* _Task goal_: Images are to be dropped, and the rest of the data reproduced exactly.

[[ Collected material, beginning ]]

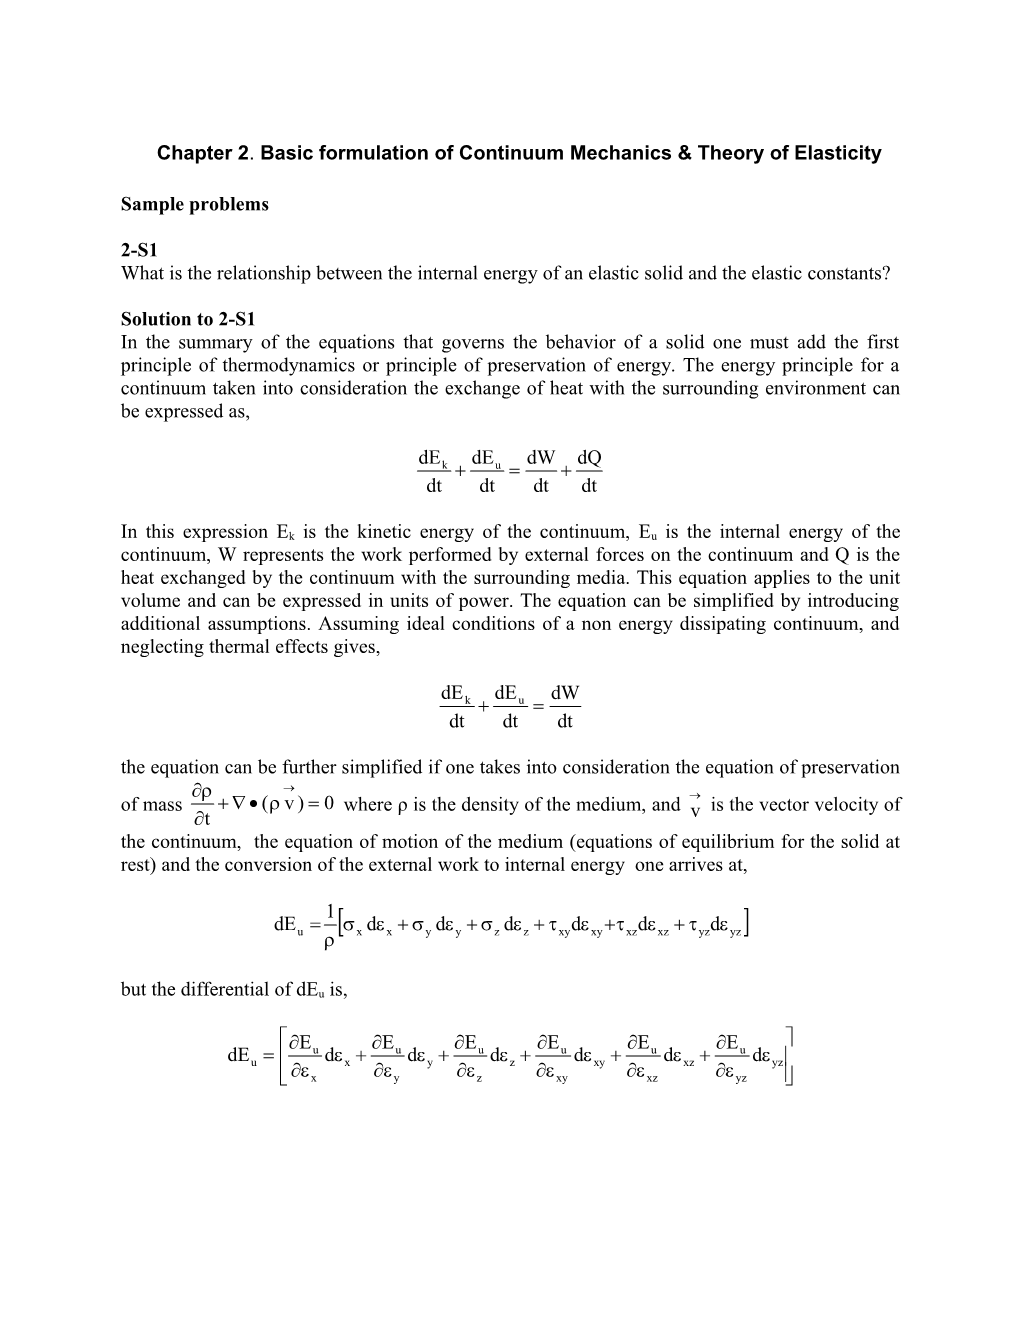 Chapter 2. Basic Formulation of Continuum Mechanics & Theory of Elasticity
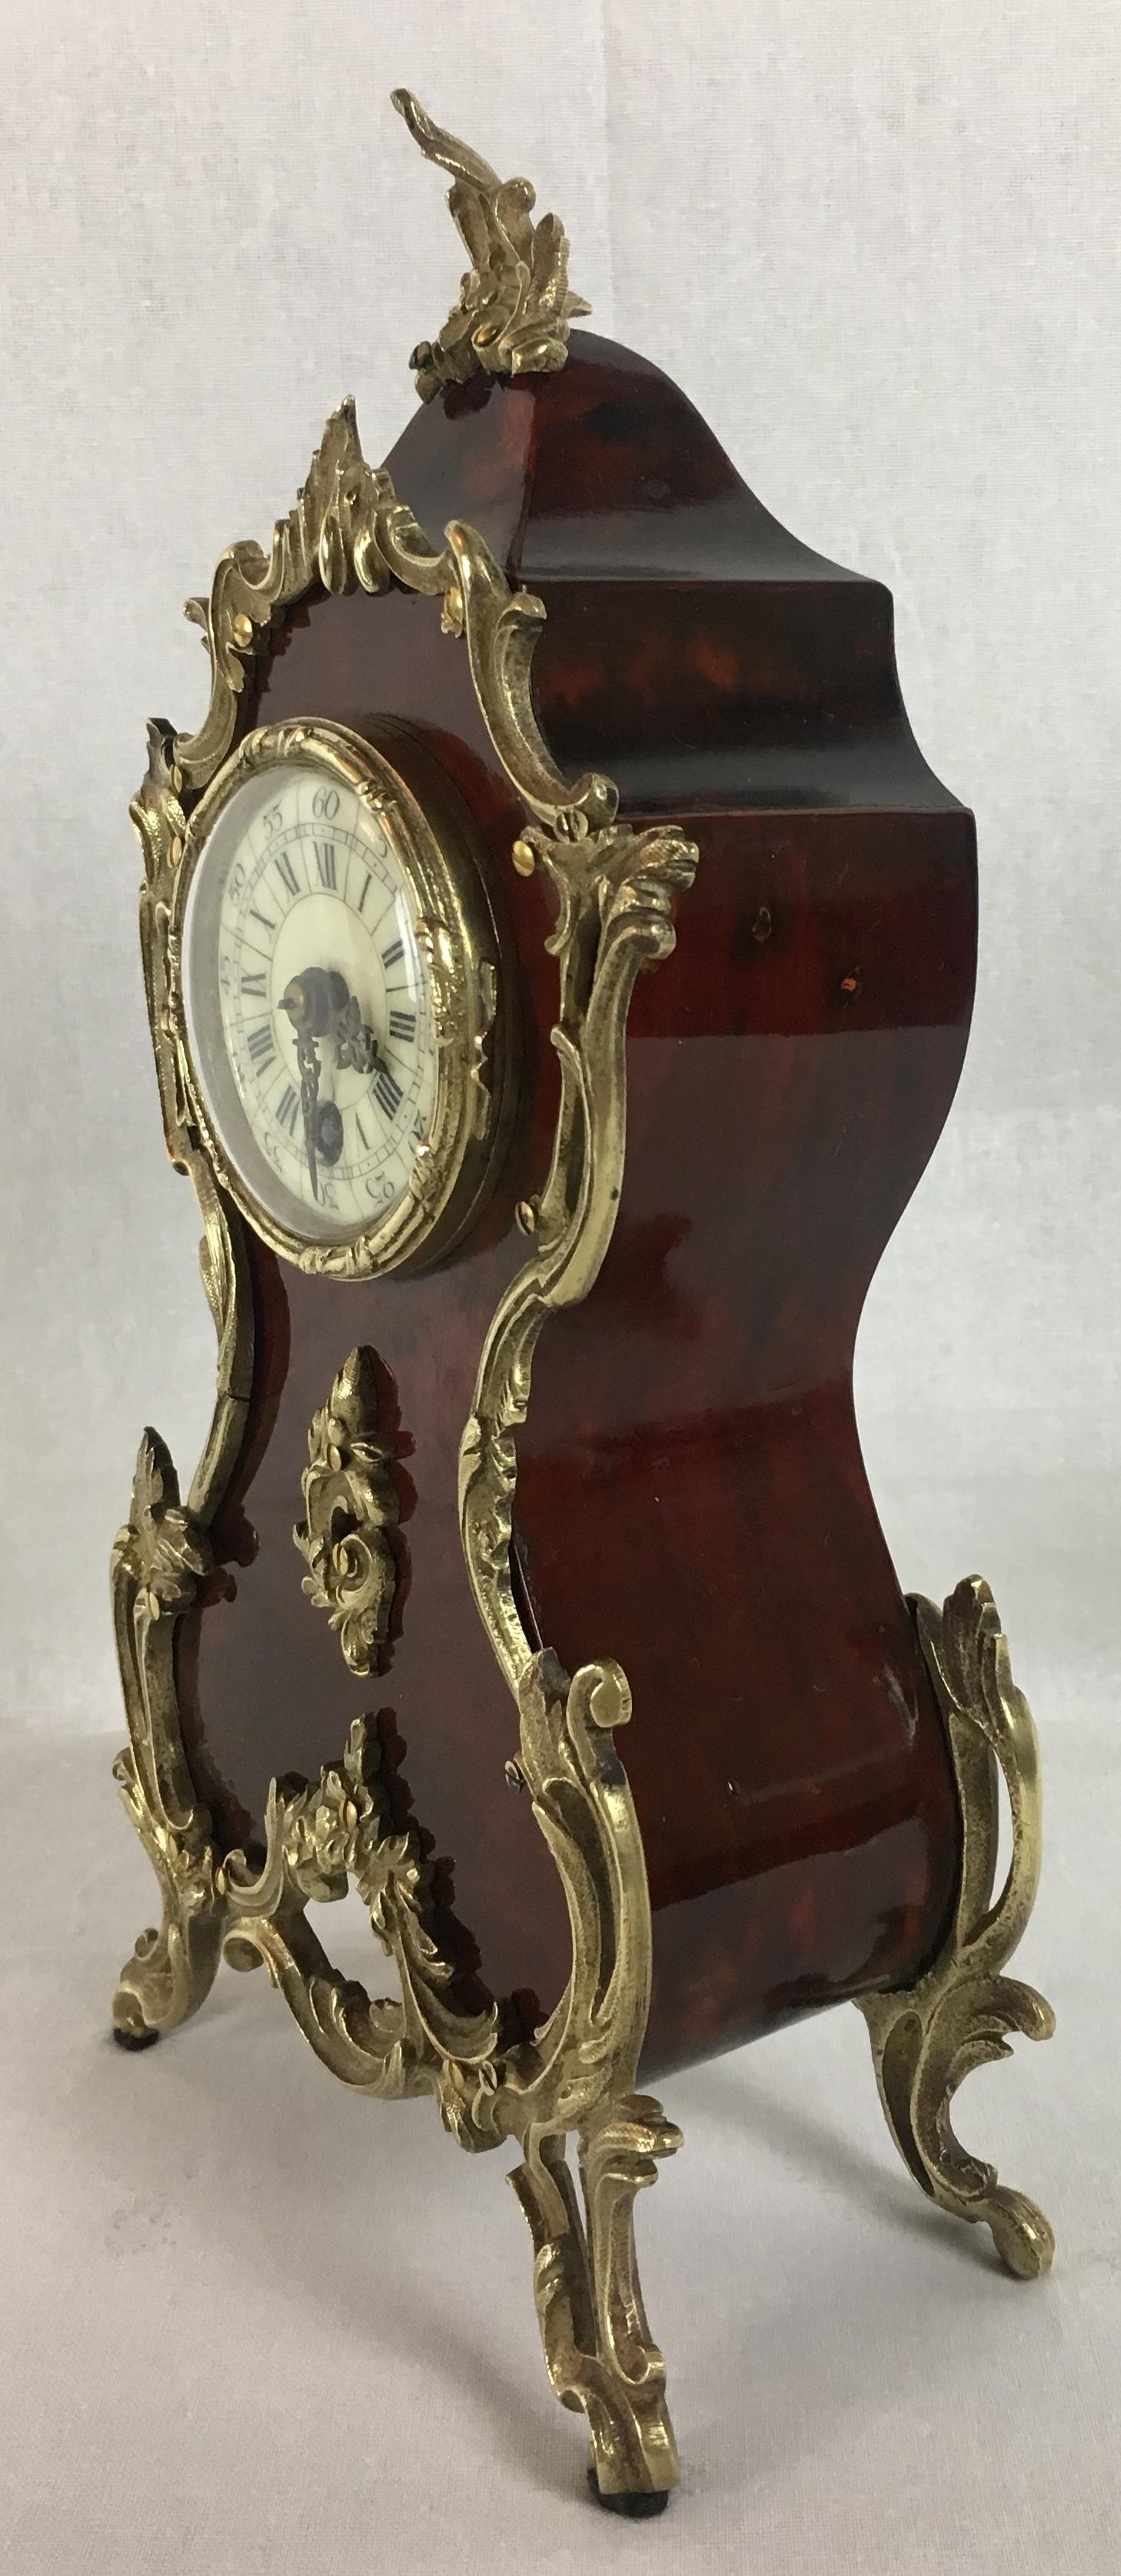 Une superbe horloge française ancienne de qualité, vers 1875. Cette horloge de cheminée de style Boulle est réalisée en écaille de tortue rouge, typique de l'époque, et les incrustations de laiton sur la face avant et les côtés du boîtier accentuent
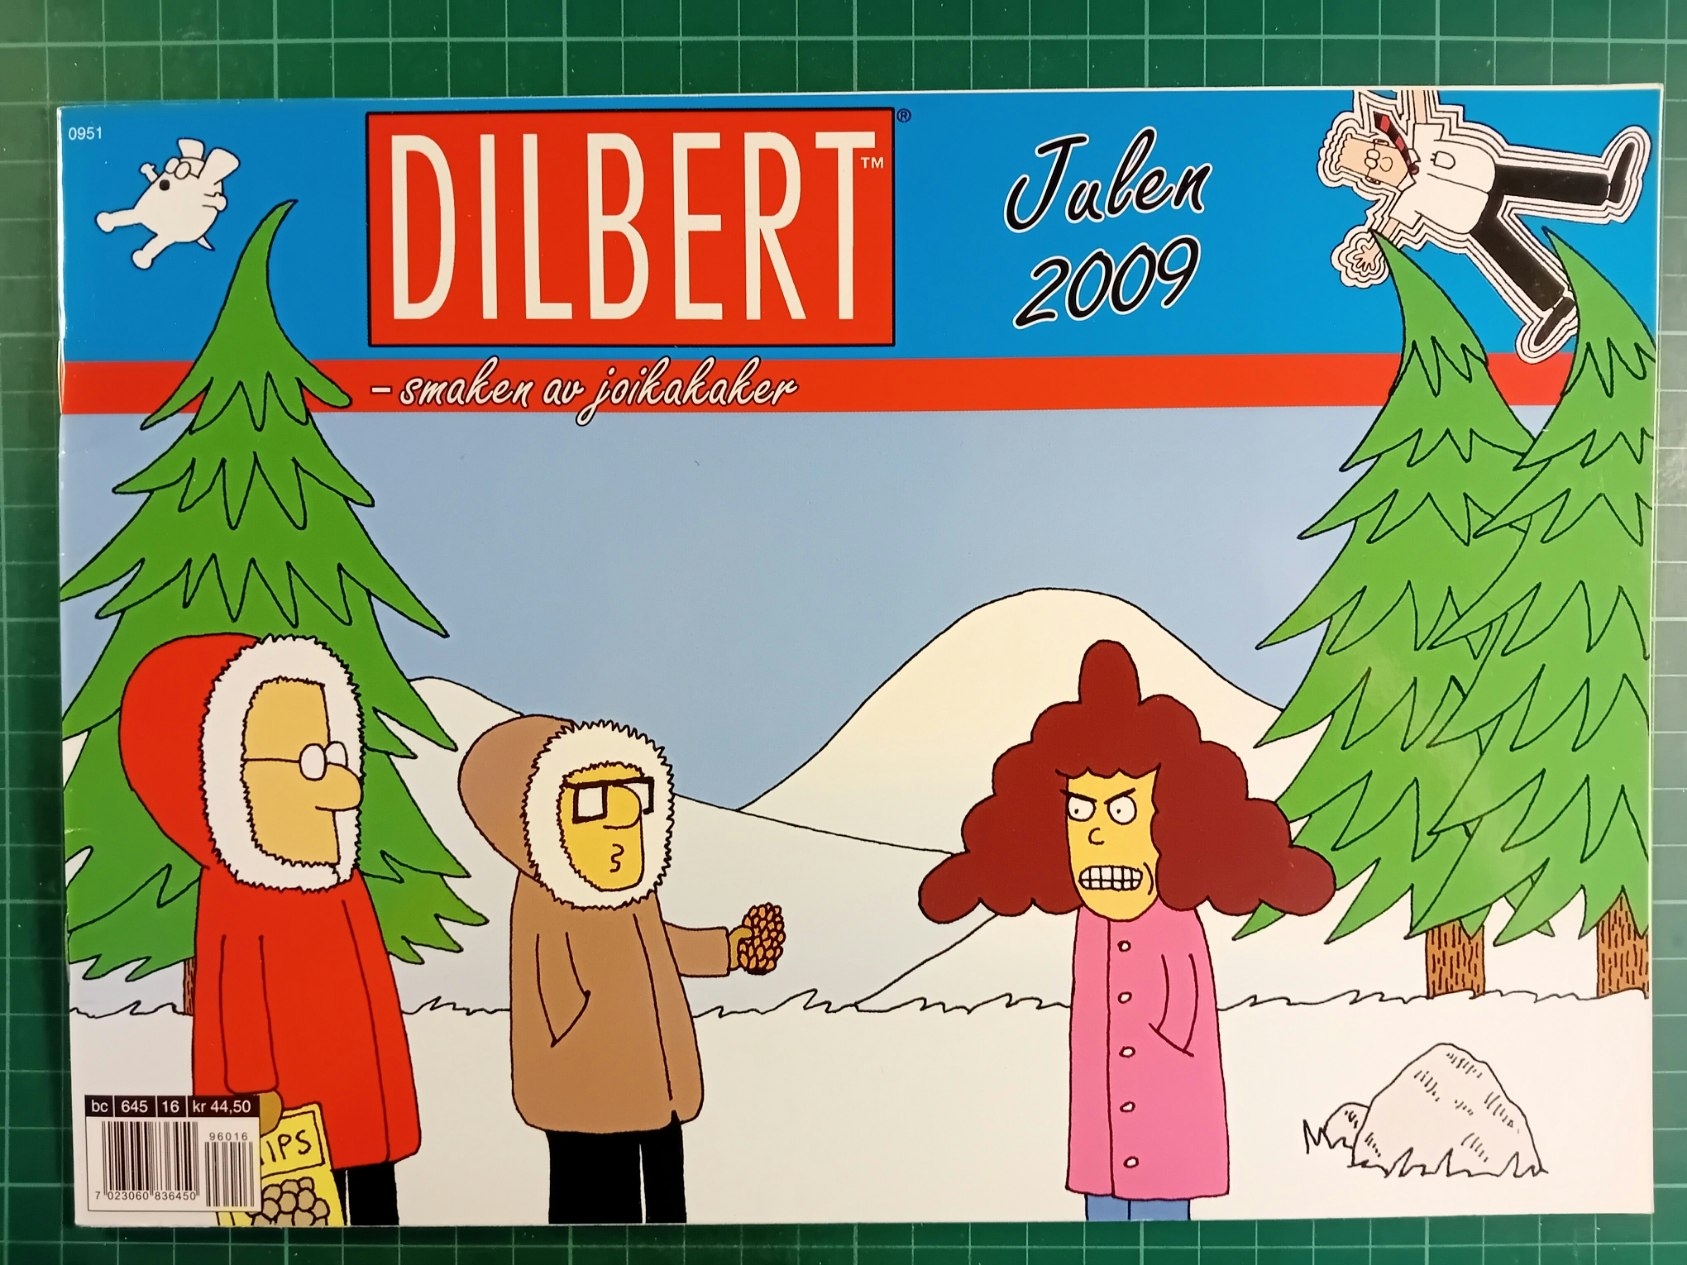 Dilbert Julen 2009

[[ Collected material, end ]]

* _Task answer_:
 Chapter 2. Basic Formulation of Continuum Mechanics & Theory of Elasticity
 Une superbe horloge française ancienne de qualité, vers 1875. Cette horloge de cheminée de style Boulle est réalisée en écaille de tortue rouge, typique de l'époque, et les incrustations de laiton sur la face avant et les côtés du boîtier accentuent
 Dilbert Julen 2009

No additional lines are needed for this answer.